Polishing compound from Walmart or an auto parts store might help . Use a little bit at a time it has mild abrasives that will polish the oxidized layer of paint off. Be careful around decals and pinstripes.   You can repeat it until it is as shiny as you want it (or that it can be)  

I like to clean a bike off, but you have to decide how much patina to leave.  

Then throw a little bit of wax Turtle Wax or Maguires whatever, and don't take it outside without sunglasses on.  

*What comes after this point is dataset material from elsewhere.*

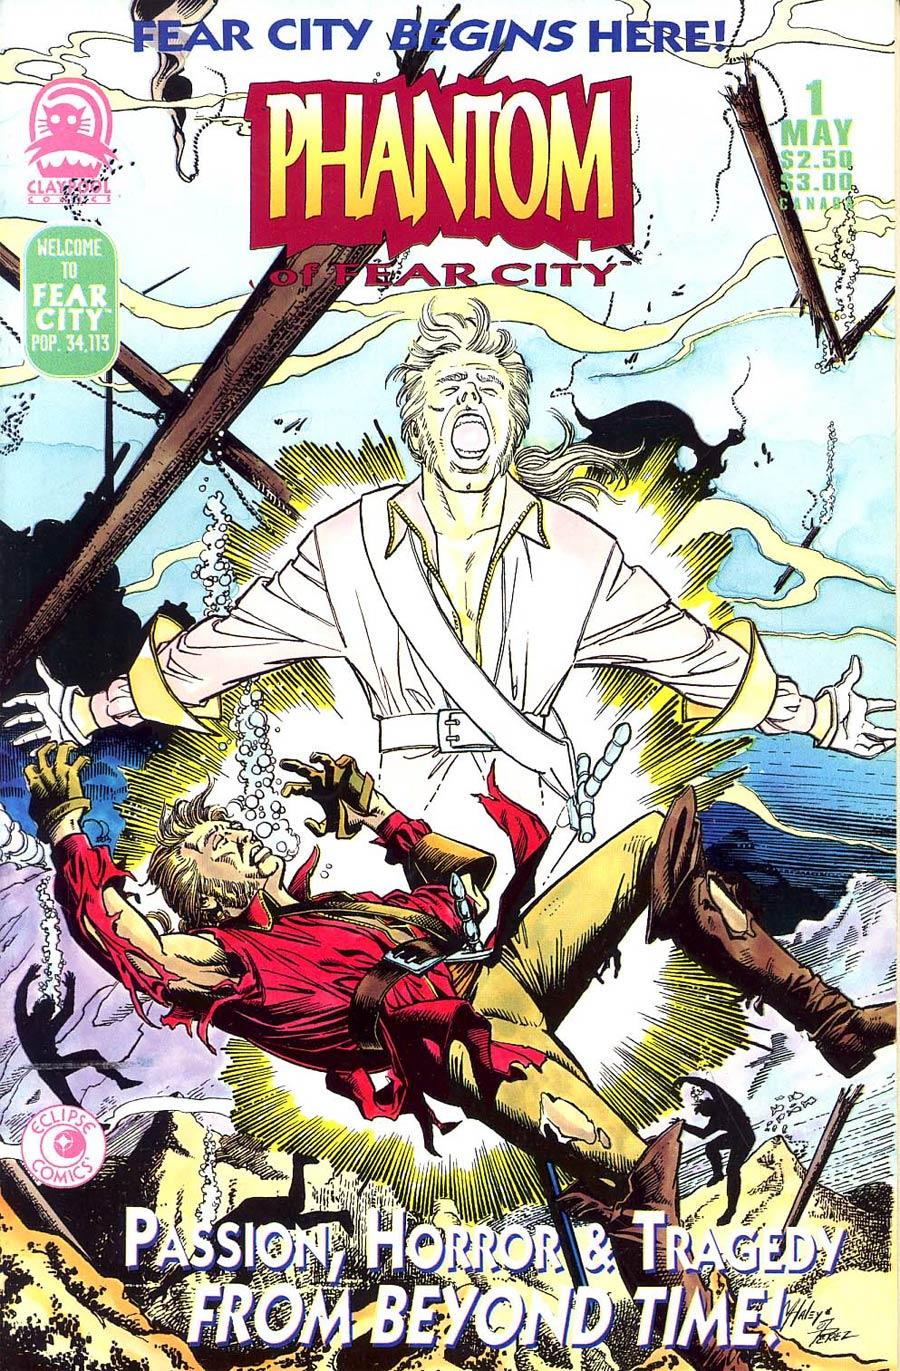 Phantom of Fear City #1

Chrome polish from the same place that the wax  and polishing compound are will do some amazing things with handlebars etc.,  Good luck, keep us posted.


----------



## DonChristie (Mar 12, 2010)

WD40 and xxxx steel wool does wonders! Then wax it.


----------



## bentwoody66 (Mar 12, 2010)

Flitz metal polish in the little tube works wonders on oxidized paint.


----------



## partsguy (Mar 12, 2010)

NO.7 Rubbing Compound and nothing else! SOS pads are too abrasive for those stripes, although they work wonders on chrome that No.7 can't fix-but still, BE GENTLE!


----------



## snitz427 (Mar 13, 2010)

You guys are the best!  I'm so glad I found this forum 

I'll update witht eh results!  Thanks!!!!


----------



## Herman (Mar 13, 2010)

I have to agree with Bentwoody66,Flitz metal polish is absolutely amazing and very gentle,available at most gun shops


----------



## bentwoody66 (Mar 13, 2010)

Also can be had at your local Ace Hardware store. I had to plug them here beings that I manage one.


----------



## DMNCLNR (Apr 16, 2010)

This thread is about removing old paint, but also has a lot of tricks to restore Original paint.  CLR and a brillo pad works great! 

Check it out..  http://www.thesamba.com/vw/forum/viewtopic.php?t=76072&highlight=paint


----------



## slick (May 6, 2010)

I use double 00 steel wool on all my chrome to remove dirt, grime, overspray, rust, etc.. It usually pulls off all the rust. Just keep scrubbing. Of course some chrome is unsavable but the steel wool will definately help.


----------



## dopehead (May 10, 2010)

wood bleach  no other way beautiful finish  no rust  no elbow grease paint uneffected.


----------



## dopehead (May 11, 2010)

oxilic acid  see my post about rust removal


----------